Их никто не помнил. Виктор зашел в таверну «Росинант», оставшуюся на том же углу и с тем же названием, и выпил пива в честь отца и его товарищей по домино, стариков, которые пели на его похоронах. Таверну модернизировали, окорока с потолка не свисали, и кислым вином не пахло, стояли акриловые столики и жужжали вентиляторы. Бармен поведал ему, что после Франко Испания катится ко всем чертям, повсюду беспорядок и грубость, забастовки, протесты, манифестации, шлюхи, педики, коммунисты, никто не уважает такие ценности, как семья и родина, креста на них нет, король и вовсе придурок, зря Каудильо назначил его своим преемником.
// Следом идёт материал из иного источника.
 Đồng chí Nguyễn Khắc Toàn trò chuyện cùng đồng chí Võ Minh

Они сняли квартиру на проспекте Пасео-де-Грасиа и прожили там целых полгода. Обратная ссылка, как они называли возвращение на родину после стольких лет, далась им так же тяжело, как изгнание в 1939 году, когда они пересекли границу с Францией, однако за эти шесть месяцев они научились не чувствовать себя здесь чужими, он — из гордости, она — из стойкости. Оба так и не смогли найти работу, отчасти потому, что их не брали из-за возраста, отчасти потому, что у них не было связей. Они никого здесь не знали. Любовь спасала их от депрессии, поскольку они чувствовали себя молодоженами во время медового месяца, а не той зрелой супружеской парой, живущей в праздном уединении, которая по утрам гуляет по городу, а по вечерам ходит в кино смотреть старые фильмы. Они жили, сохраняя иллюзии, сколько могли, пока однажды в тоскливое воскресенье, ничем не отличавшееся от других таких же тоскливых дней, они не выдержали. После яиц вкрутую и чашки густого шоколада с марципановым кренделем в комнате на улице Петрисоль Росер в порыве высказала то, что определило их жизнь в последующие годы:
— Хватит с меня, я чувствую себя здесь чужой. Давай вернемся в Чили. Там мы дома.
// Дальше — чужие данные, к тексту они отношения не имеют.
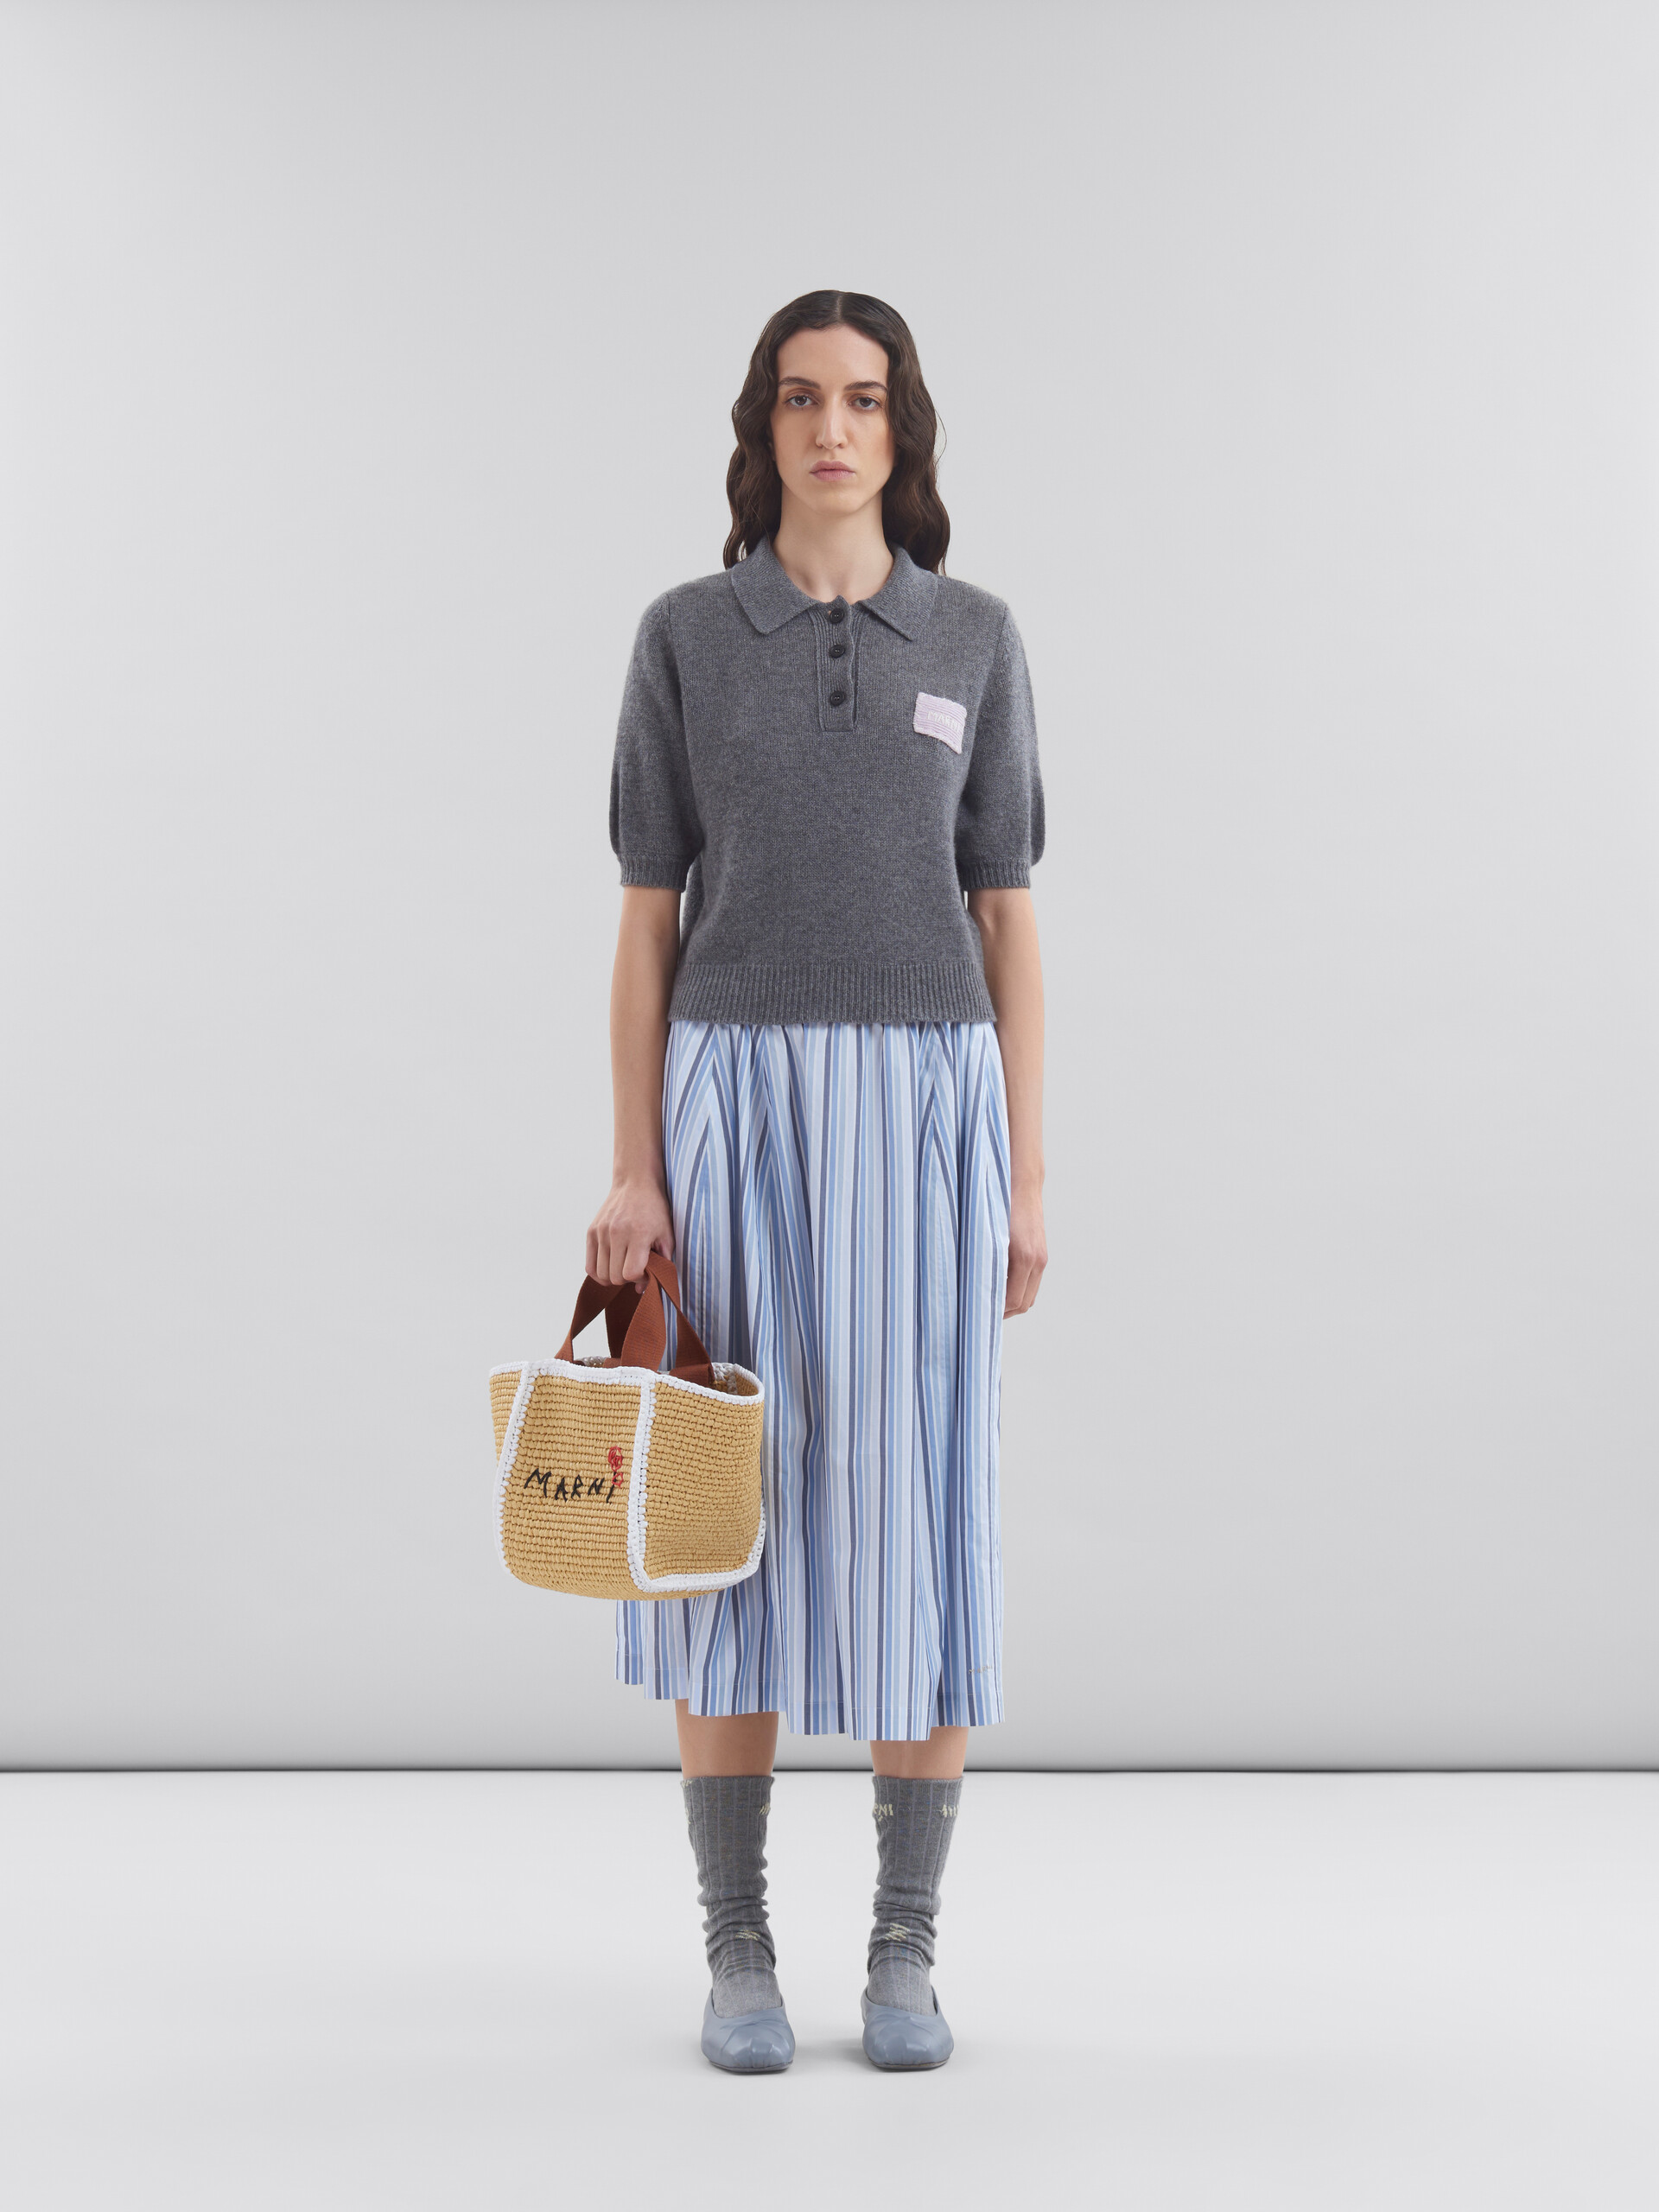 Sillo shopping bag piccola in maglia macramé effetto rafia naturale - Borse shopping - Image 2

Виктор тяжело вздохнул и наклонился, чтобы поцеловать ее.
— Мы так и сделаем, при первой возможности, Росер, обещаю. Но сейчас мы вернемся в Венесуэлу.
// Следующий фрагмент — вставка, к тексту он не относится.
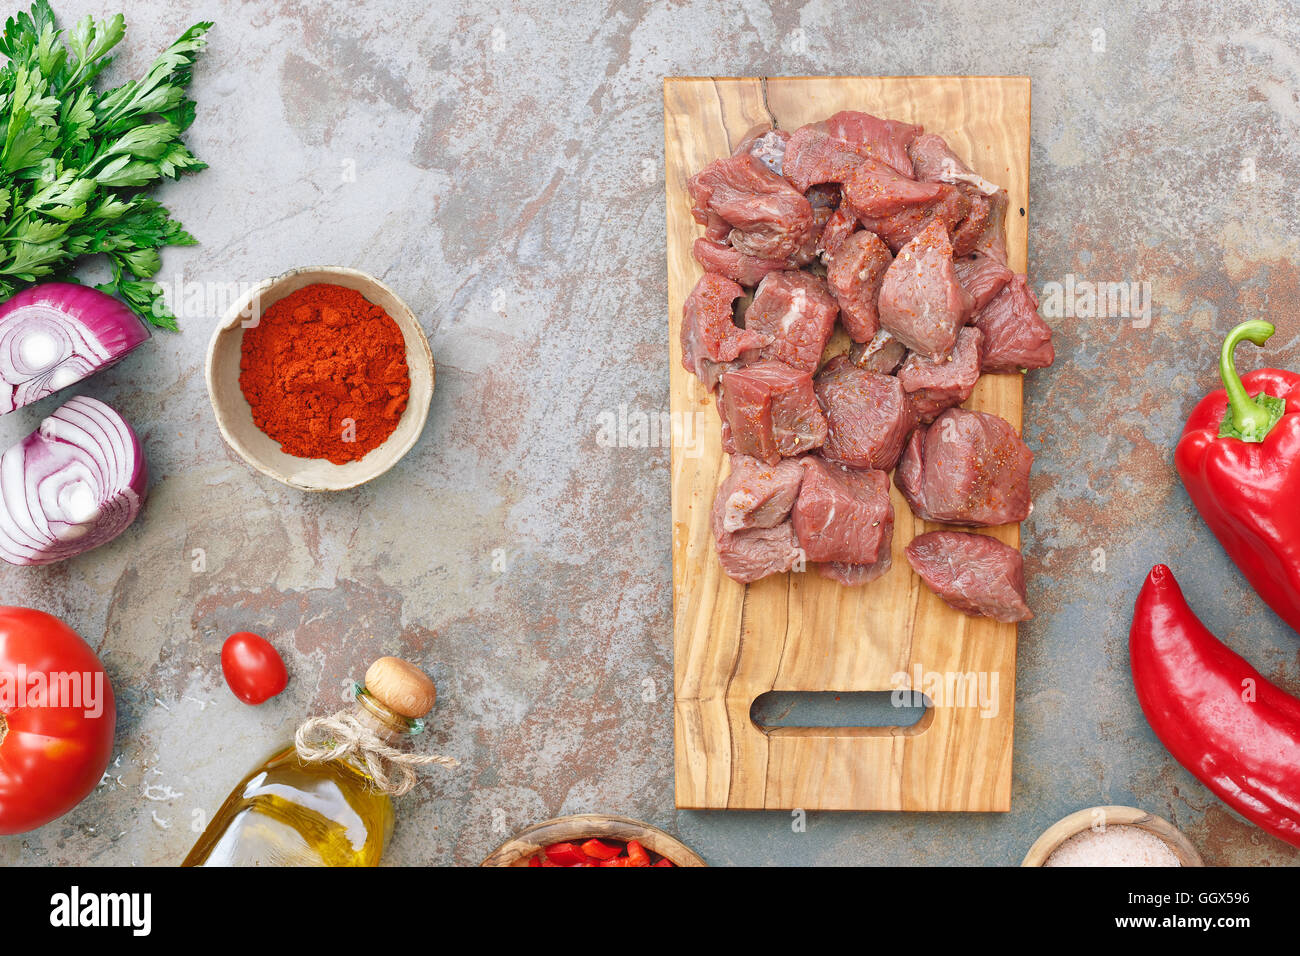 Carni bovine per gulasch. I cubetti di carne su un vecchio tagliere di legno e gli ingredienti per cucinare su sfondo rustico Foto Stock

Прошло еще много лет, прежде чем он смог выполнить свое обещание, а пока они жили в Венесуэле, там же, где и Марсель и где у них была работа и друзья. Чилийская колония разрасталась день ото дня, поскольку, кроме высланных политических, прибывали и другие люди в поисках экономических возможностей. В квартале Лос-Палос-Грандес чаще слышался чилийский акцент, чем венесуэльский. Большинство вновь прибывших жили своей общиной, зализывая раны и не отрываясь от ситуации в Чили, где не было ни малейших признаков к изменению, несмотря на ободряющие новости, курсирующие из уст в уста и никогда не подтверждавшиеся. Правда была в том, что диктатура держалась твердо. Росер убедила Виктора принять эту жизнь как единственный здоровый способ состариться. Нужно жить каждым днем, пользуясь тем, что предлагала им эта прекрасная страна, благодарить ее за радушный прием и предоставленную работу, а не пытаться искать радости, копаясь в прошлом. Возвращение в Чили откладывается, но не надо рушить настоящее, даже если желанное будущее наступит не скоро. Это помогло им не увязнуть в ностальгии и в бесплодной надежде и научило искусству жить, широко распахнув душу, не ища виноватых, и это был лучший урок, усвоенный ими в Венесуэле. За десять лет, прошедших после шестидесятилетия, Виктор изменился больше, чем за всю прошлую жизнь. Он объяснял это своей неутихающей влюбленностью, неутомимой борьбой Росер с острыми гранями его характера, чтобы держать в тонусе его моральный дух, а еще позитивным влиянием карибской бесшабашности, как он называл умение расслабляться, этой основной черты местного характера, которая уничтожила его серьезность если не навсегда, то по крайней мере на несколько лет. Он научился танцевать сальсу и играть на пианино в четыре руки.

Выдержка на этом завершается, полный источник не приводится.